Inciting Insurrection: How Trump Should Respond
“This trial arises from President Donald J. Trump’s incitement of insurrection against the Republic he swore to protect. The House of Representatives impeached him for that constitutional offense.” So begins the articles of impeachment drawn up and passed by the House of Representatives as the basis of Trump’s second impeachment.
Now, this charge raises or should raise an interesting question or two. For example, what constitutes “incitement” and what constitutes “insurrection?” Depending on answers to these questions turns some important implications, leading to another question: Have other presidents, government officials, or politicians incited insurrection against the US government and the alleged republic it represents?
Of course, one possibility that comes to mind is the alleged treason by Aaron Burr, when he allegedly tried to organize an insurrection in what was then the western US in order to create a new government there. However, because Burr was acquitted of the treason charge, his “insurrection” rarely receives the attention it deserves.
Lincoln, in his campaign for the presidency, raised the possibility that the then president, Buchanan, along with Chief Justice Taney, was involved in a plot to make slavery legitimate throughout the nation, that is, to make the US a slave nation.

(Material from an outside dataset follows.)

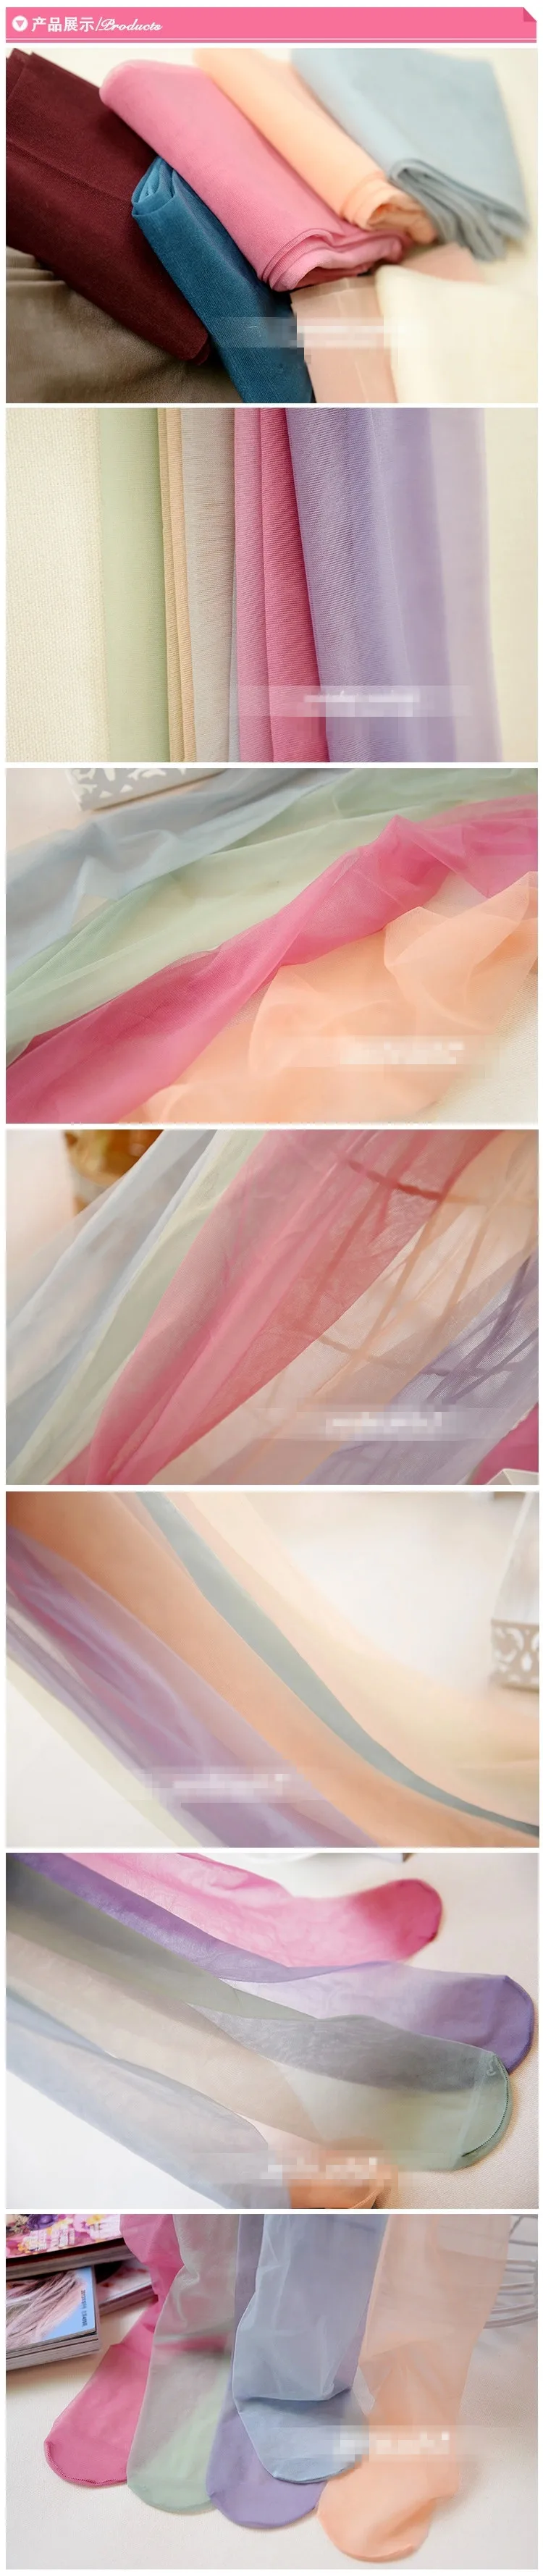 Летний стиль 10D ультратонкие Ice шелковые чулки Res для женщин нейлон колготки для новорождённых пикантные женские чулки конфетного цвета

Certainly, this plot was an insurrection, insofar as it existed, even if not an armed insurrection in the stereotypical form of insurrections. While not advocating an armed invasion and take-over of the national government, it would have resulted in such a take-over on behalf of slavery and slave owners.
Were the Republicans who sought to stop the vote recounts in Florida guilty of inciting and engaging in an insurrection? Were the Republicans in 1876, including President Grant, guilty of engaging in an insurrection when they sought, successfully, to deny Tilden the presidency he had clearly won in that election? Grant has national troops at the ready to ensure that Hayes, “Rutherfraud” as he was called, won the presidency. Was Mayor Daley of Chicago guilty of engaging in an insurrection when he made it possible for JFK to win the presidency in 1960 by withholding electoral returns until he knew how many Chicago votes Kennedy would need to offset Nixon’s votes in the rest of Illinois? In fact, can’t any serious political protest be labeled an incitement to insurrection?
There are, obviously, different ways to incite the take over of governments, other than by inciting people to take up arms and over throw the established and sitting government forcefully or violently. One could even say that Trump’s campaign in 2016 was an incitement to take over the US government, was a call to “insurrection.” Isn’t that what Trump meant by “draining the swamp?” And isn’t it also plausible to characterize Trump’s presidency as an incitement to insurrection? Isn’t that what Trump’s first impeachment was about, e.g., the charges of abuse of power? And isn’t that what makes Trump so attractive to so many people who feel shafted by the established order, viz., that his very persona is an “incitement” to “insurrection?”
Inciting insurrection seems then to be the very stuff of politics, insofar as almost any serious challenge to the established government, challenges seeking significant or even radical changes in US policies, may be called an incitement to insurrection. And this is what makes or should make any decision to prosecute people for “inciting insurrection” controversial. It is all-too-easy to use charges of inciting insurrections to stifle political “unrest,” to repress such unrest in order to preserve the established order, however corrupt it might be.
And is it possible to say that this danger is non-existent today, as so many are so committed to impeaching Trump for inciting insurrection? If I were advising Trump, I would tell him to embrace the charges, and criticize this second impeachment as just another tactic by the swamp dwellers to preserve their habitat. He should point out how his impeachment on these charges will spill over to include anyone who, whether a Trump supporter or not, advocates or “incites” an “insurrection” against the established order, because it should be acknowledged that not everyone who wishes to “incite” an “insurrection” against the reigning militaristic oligarchy supports Trump. And in this way, Trump could illustrate how his impeachment, so far from rescuing the republic as its proponents proclaim it will do, actually will serve to undermine that republic.